The Witch of Buchenwald
IIse took a sadistic pleasure in her job. She rode about the camp on horseback, tormenting and brutalizing the prisoners. She deliberately wore tight sweaters or short skirts and behaved in an openly sexual manner to provoke a reaction in the men. “She was a very beautiful woman with long red hair,” recalled, Kurt Glass, one of the former inmates of Buchenwald and Ilse Koch’s gardener, “but any prisoner who was caught looking at her could be shot,” Ilse also took great delight in having the men beaten. Her cruelty earned her the name of Hexe von Buchenwald: The Witch of Buchenwald.
In 1941, Karl Otto Koch was transferred to Lublin, to help establish the Majdanek extermination camp. However, Ilse stayed behind, still living in the commandant’s house and continuing her duties at Buchenwald. By this time, she was reputedly having an affair with Buchenwald’s deputy commander Hermann Florstedt. However, IIse also had another reputed lover: Dr.in Waldemar Hoven. For in 1942, Buchenwald had become a medical research center of the Waffen SS, run by Hoven. Its specialism was typhus and virus research- and the prisoners acted as human guinea pigs. Some of the doctors, however also had other interests.
One doctor, in particular, was researching links between tattoos and criminality.

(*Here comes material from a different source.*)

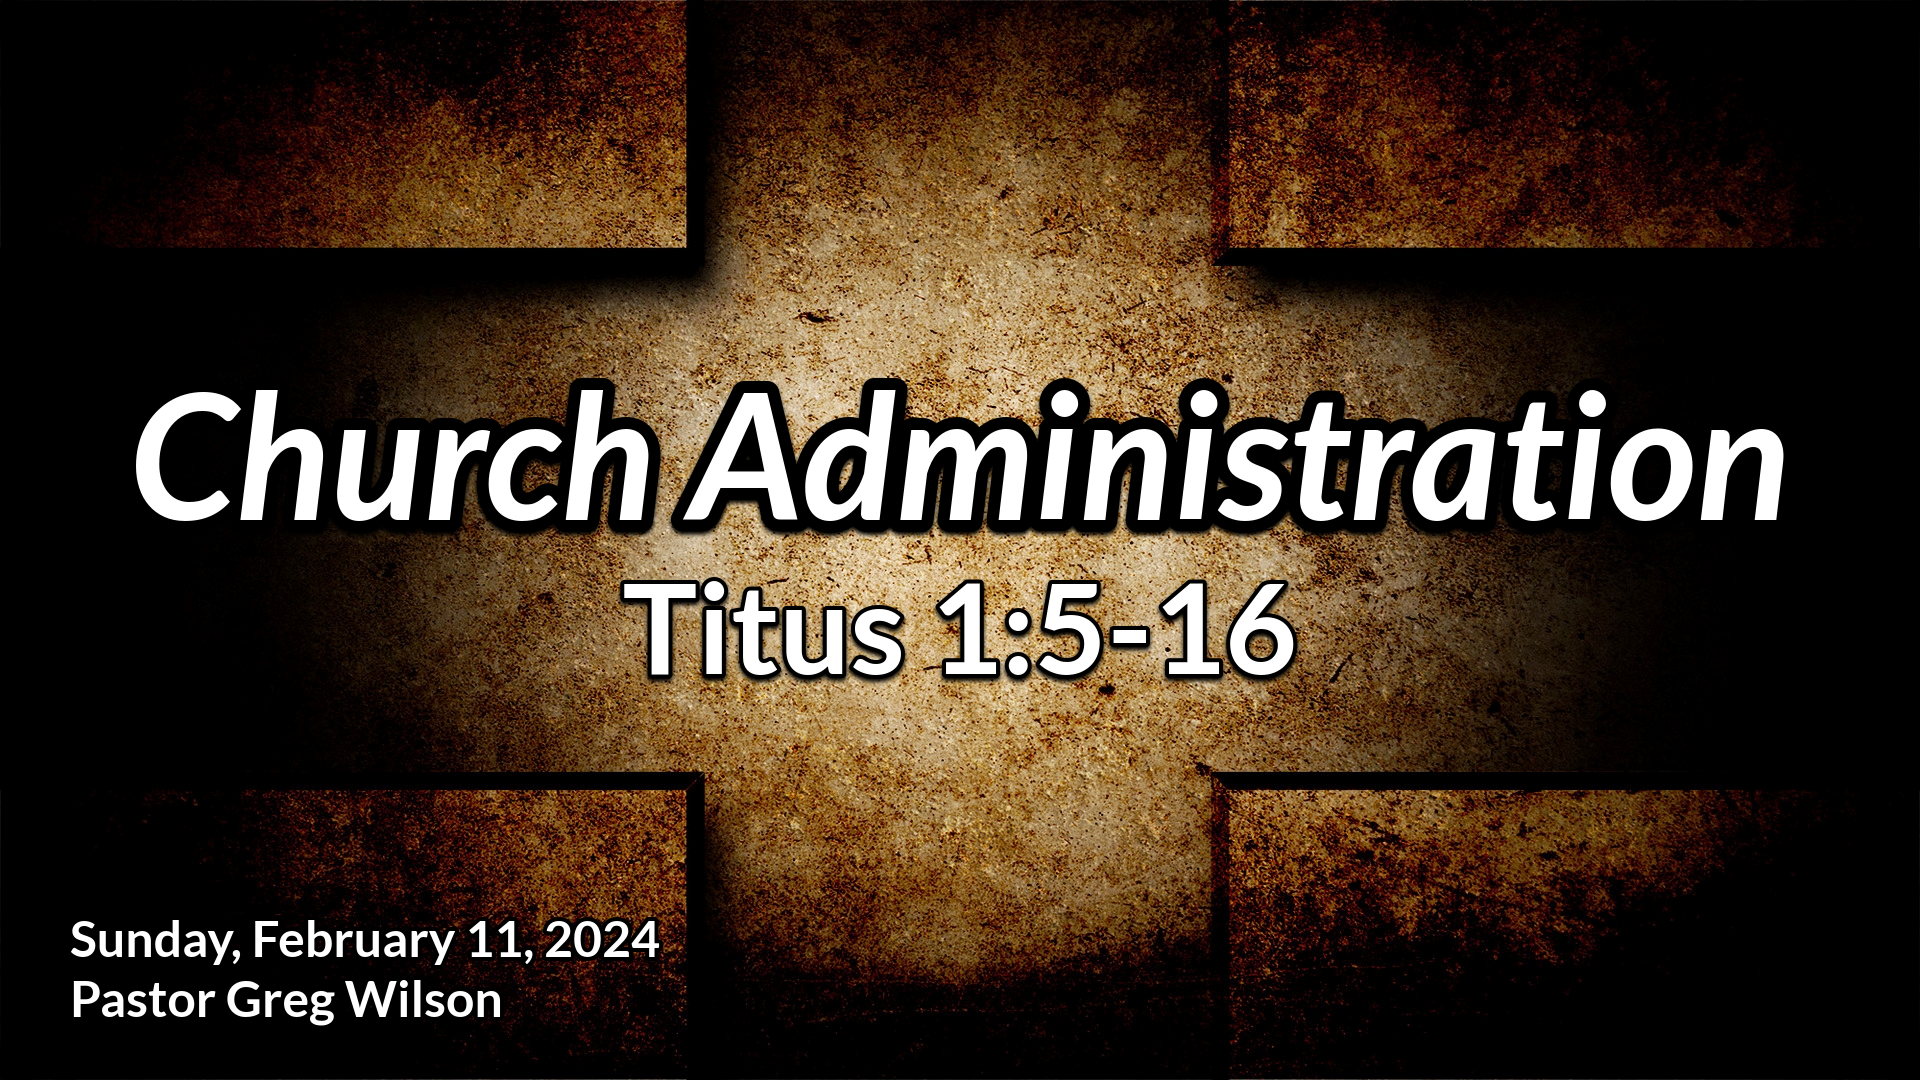 "Church Administration"

So Ilse was tasked with searching for prisoners with tattoos- and delivering them to the unit. Soon, sinister rumors began to spread amongst the prisoners that she was collecting tattooed human skin and making it into various personal articles. “She got the idea she would like lampshades made of human skin,” recalled Kurt Glass. “One day….we were all ordered to strip to the waist. The ones who had interesting tattoos were brought to her, and she picked out the ones she liked. Those people were killed, and their skin was made into lampshades for her. She also used mummified human thumbs as light switches in her house.”
Dr. Waldem Hoven, Ilse Koch’s reputed lover. Wikimedia Commons. Public Domain.
However, rumors of the cruelty of Ilse and her husband had begun to reach the Nazi authorities- and they were not amused. All punishments and executions had to be authorized by SS central office at Oranienburg, and it was becoming evident that the Kochs had been acting independently. So, the SS placed SS officer Dr. George Konrad Morgen in charge of investigating allegations of cruelty and fraud undertaken by the couple. In August 1943, the SS arrested Ilse and Colonel Koch for murder and embezzlement.
The charge against Koch was based on evidence that he had ordered the unauthorized execution of two hospital orderlies, to cover up his treatment for syphilis. Koch was found guilty. However, the investigation also revealed he was siphoning off vast sums of money from prisoners that should have ended up in Nazi party’s pockets. Koch was executed by firing squad on April 11, 1945. As for Ilse, Morgen investigated the charges of cruelty against her thoroughly. However, he could find no evidence of anything made of human skin. So she was freed and went to live with her surviving two children with family in Stuttgart.